Secret Chinese Clocks

Following up on last weeks discussion regarding openness of technology, where I mentioned that the first ever mechanical time keeping device was built for a Chinese emperor but was kept secret, arguably slowing down human progress for hundreds of years until the mechanical clock was reinvented in Europe in the 14th century, this came in from former student in the class Ryan Vogt: ”

Last Wednesday, you mentioned the Chinese clock having been invented long before the European clock, and you were looking for a source. I don’t have a specific source, but I may have some names that could help you track it down…

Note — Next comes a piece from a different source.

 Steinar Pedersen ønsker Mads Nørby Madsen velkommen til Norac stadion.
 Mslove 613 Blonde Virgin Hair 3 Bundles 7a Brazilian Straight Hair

Su Song designed a large clocktower (~1092). It kept time using a mechanism based on the flow of water, invented earlier by Buddhist monk Yi Xing (~725). When Su Song presented the design of his clock to Emperor Zhezong, he equated the continuous flow of water running the clock to the continuous movement of the heavens, which represented the unending power of the Emperor (appeasing the Emperor). The clocktower was dismantled by an invading Jurchen army (~1127), and it was never successfully reconstructed. Later, Jesuit explorers who came to China believed, based on their observations, that China had never advanced much beyond the sundial.

You may have read about this clocktower in historian Joseph Needham’s works, as he is famous for having studied the history of Chinese clocks.”